Hepatic insulin resistance is a critical component in the development of type 2 diabetes mellitus. In many cases, insulin resistance in liver is associated with reduced expression of both major insulin receptor substrate (IRS) proteins, IRS-1 and IRS-2. To investigate the specific functions of IRS-1 and IRS-2 in regulating liver function in vivo, we developed an adenovirus-mediated RNA interference technique in which short hairpin RNAs (shRNAs) are used to knock down IRS-1, IRS-2, or both, by 70-80% in livers of WT mice.

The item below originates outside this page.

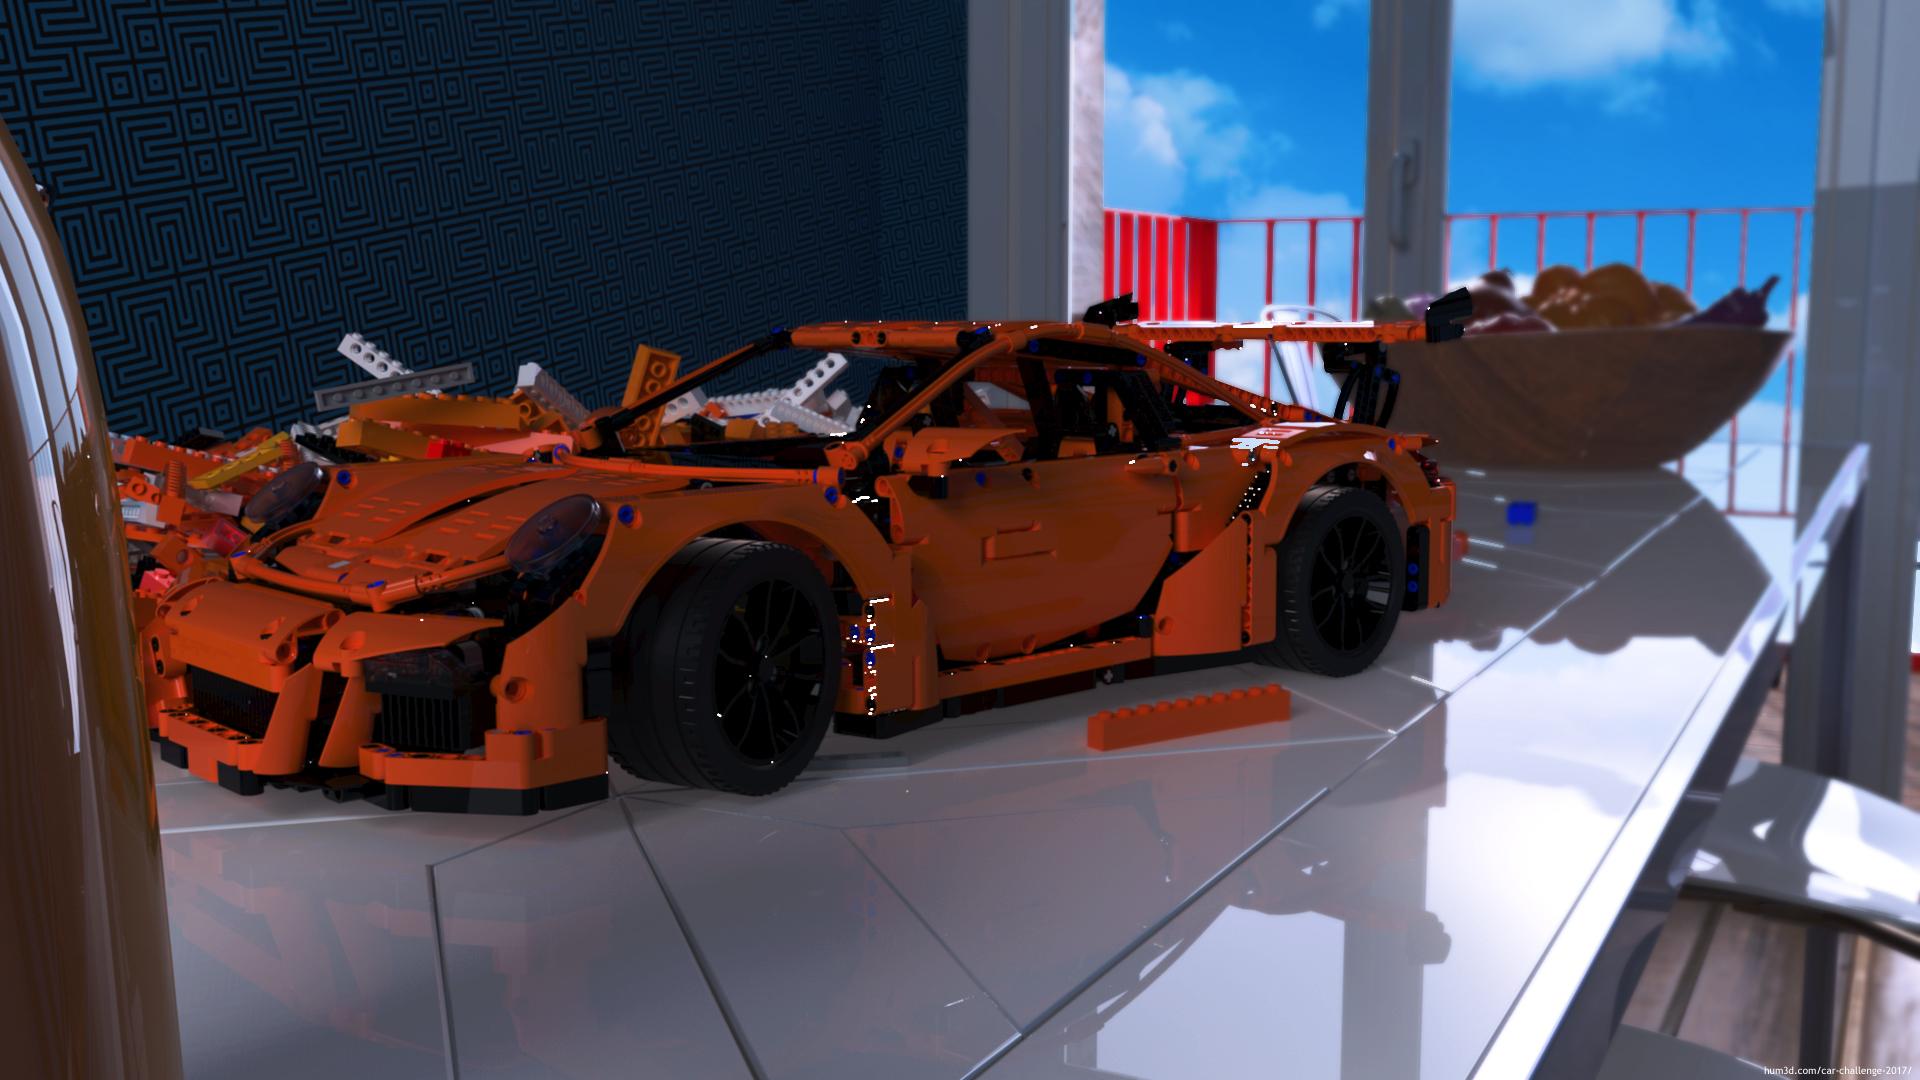 Porsche 911 GT3 RS Lego Race Car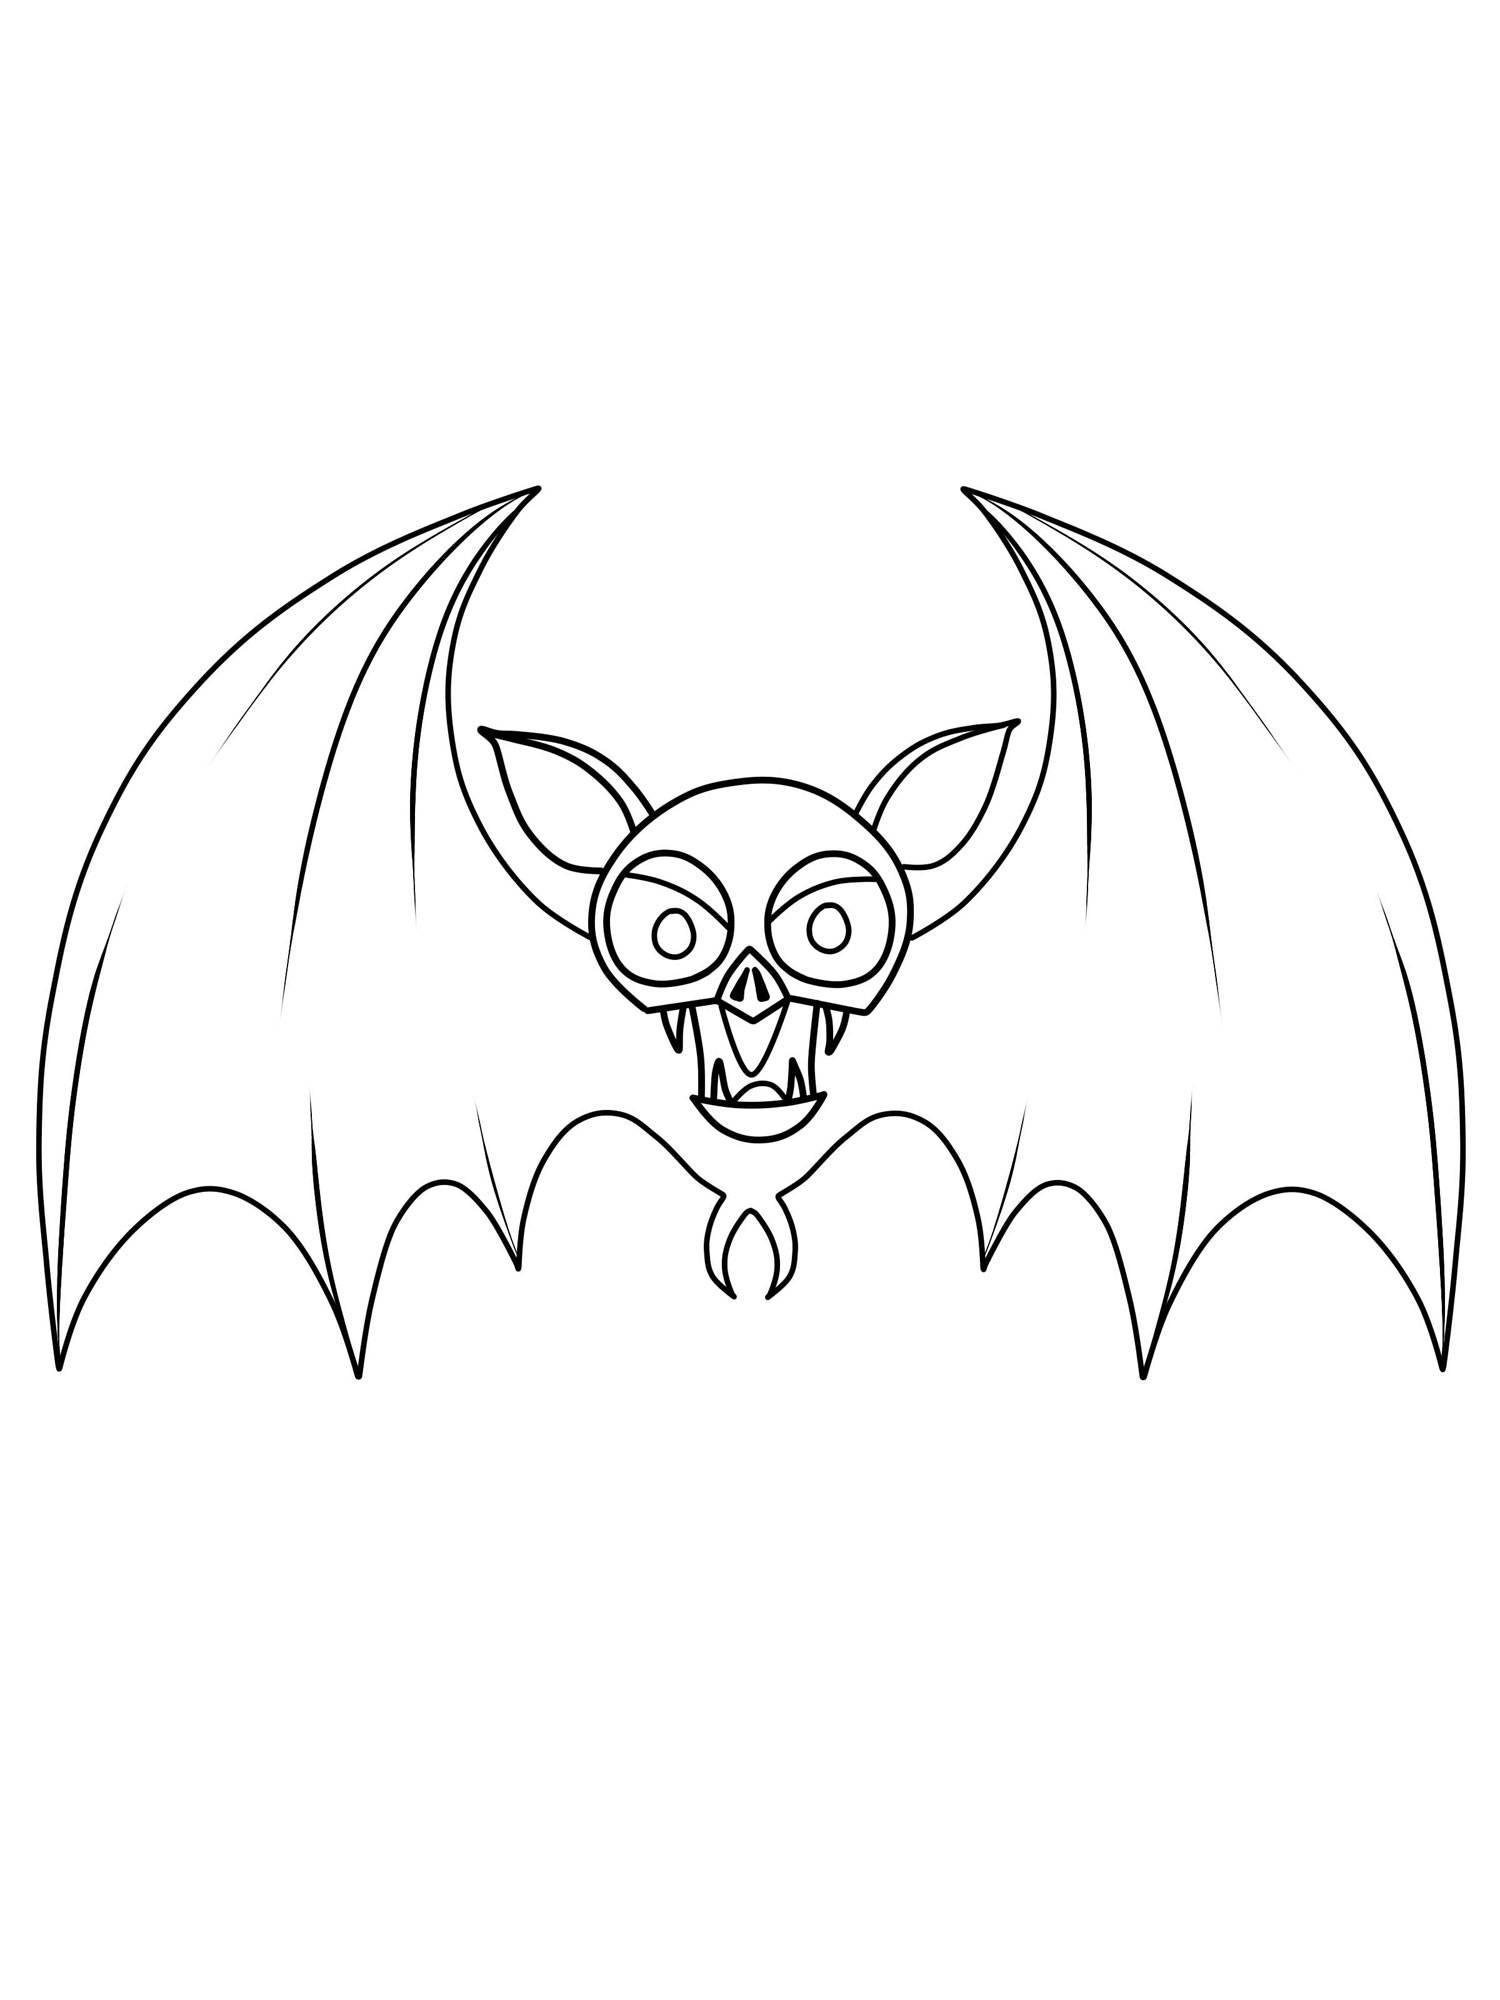 Ausmalbild Halloween Fledermaus kostenlos ausdrucken

The knockdown of IRS-1 resulted in an upregulation of the gluconeogenic enzymes glucose-6 phosphatase and phosphoenolpyruvate carboxykinase, as well as a marked increase in hepatic nuclear factor-4 alpha. Decreased IRS-1 was also associated with a decrease in glucokinase expression and a trend toward increased blood glucose, whereas knockdown of IRS-2 resulted in the upregulation of lipogenic enzymes SREBP-1c and fatty acid synthase, as well as increased hepatic lipid accumulation. The concomitant injection of IRS-1 and IRS-2 adenoviral shRNAs resulted in systemic insulin resistance, glucose intolerance, and hepatic steatosis. The alterations in the dual-knockdown mice were associated with defective Akt activation and Foxo1 phosphorylation. Taken together, our results demonstrate that hepatic IRS-1 and IRS-2 have complementary roles in the control of hepatic metabolism, with IRS-1 more closely linked to glucose homeostasis and IRS-2 more closely linked to lipid metabolism.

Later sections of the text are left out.